Mais lorsque l’Esprit s’en mêle, nos évidences s’effritent et autre chose parle en nous. Il est des langages qui s’affranchissent des mots pour faire passer les plus essentiels messages. Elisabeth est bien placée pour le savoir, qui a retrouvé son mari muet au retour du Temple. Se doutait-elle que les mots qu’il ne disait plus n’étaient pas pour rien dans la ronde tournure que prenait son ventre ? Elle s’est ouverte à l’inattendu, à l’impossible. C’est d’avoir gagné en légèreté par cette grossesse inconcevable qui livre Elisabeth tout entière à l’accueil. Car toute fécondation, fut-elle administrée par voie céleste, réclame une ouverture. Et toute ouverture expose à accueillir.
Aussi Elisabeth nous tient lieu de grande sœur, nous enseignant la possibilité de nous détourner de l’aveuglement de nos suspicions pour nous abandonner à l’accueil et à la confiance.
Car nous suspectons beaucoup. Nous sommes plus sensibles à la banalité du mal, bien réelle, qu’à celle du bien, tout aussi réelle. C’est particulièrement vrai dans notre tempérament français où la méfiance voisine avec un pessimisme invraisemblable pour un des plus riches pays du monde, équivalent au taux de pessimisme en Afghanistan !

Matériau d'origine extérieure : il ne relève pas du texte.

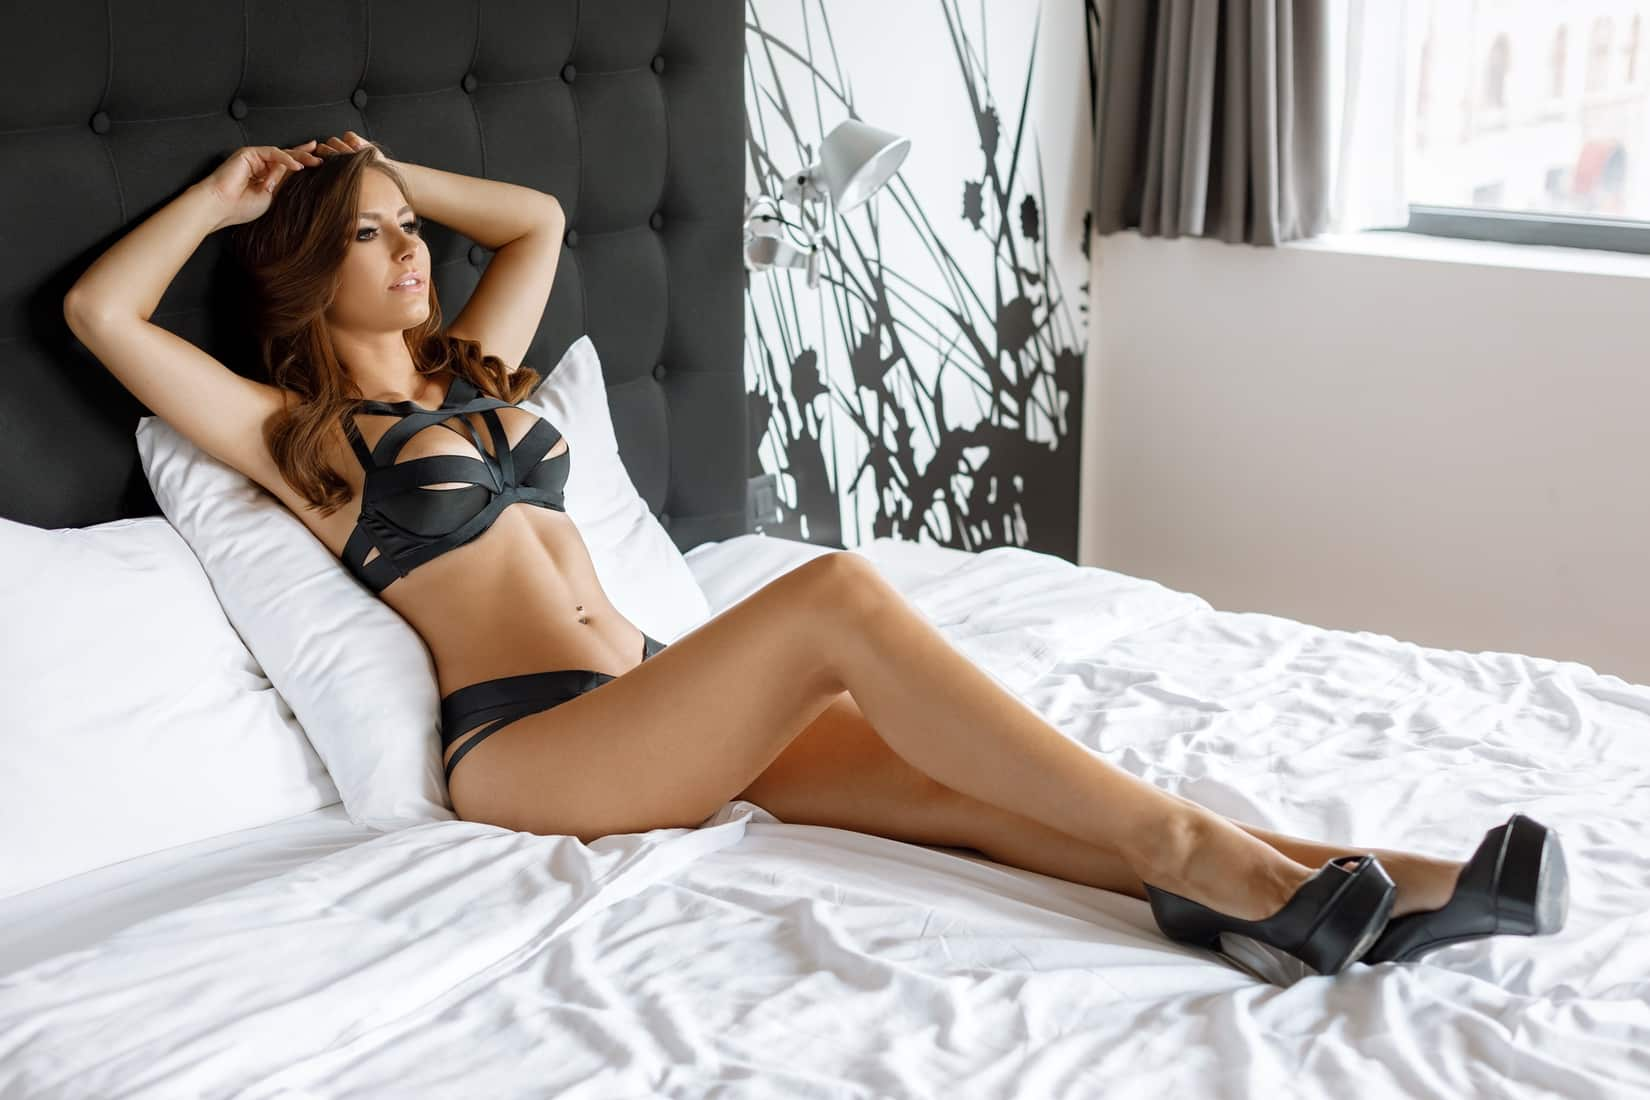 Aviana Belgravia Escort

La suspicion, la méfiance. C’est la pauvre arme qui nous reste lorsque nos calculs ont dissuadé l’Esprit de nous ouvrir à la confiance. Car une seule question mérite d’être posée sur le seuil de nos rencontres : celui qui vient vers moi porte-t-il en lui, souvent sans le savoir, des prémices d’Évangile ? Si tel est le cas, il m’appartient de le lui révéler. Tu es bénie entre toutes les femmes et le fruit de tes entrailles est béni. Tu es béni entre tous les hommes.
Attendre, être en éveil c’est mener ce bras de fer entre la méfiance et la confiance, l’autre nom de la foi.
Bien heureuse Elisabeth qui reconnaît bien heureuse celle qui vient à elle dans une cohorte de murmures. Bien heureux serons-nous si l’Esprit convertit nos suspicions, pour que nous accueillions, dans la simplicité de Noël, celui qui vient à nous.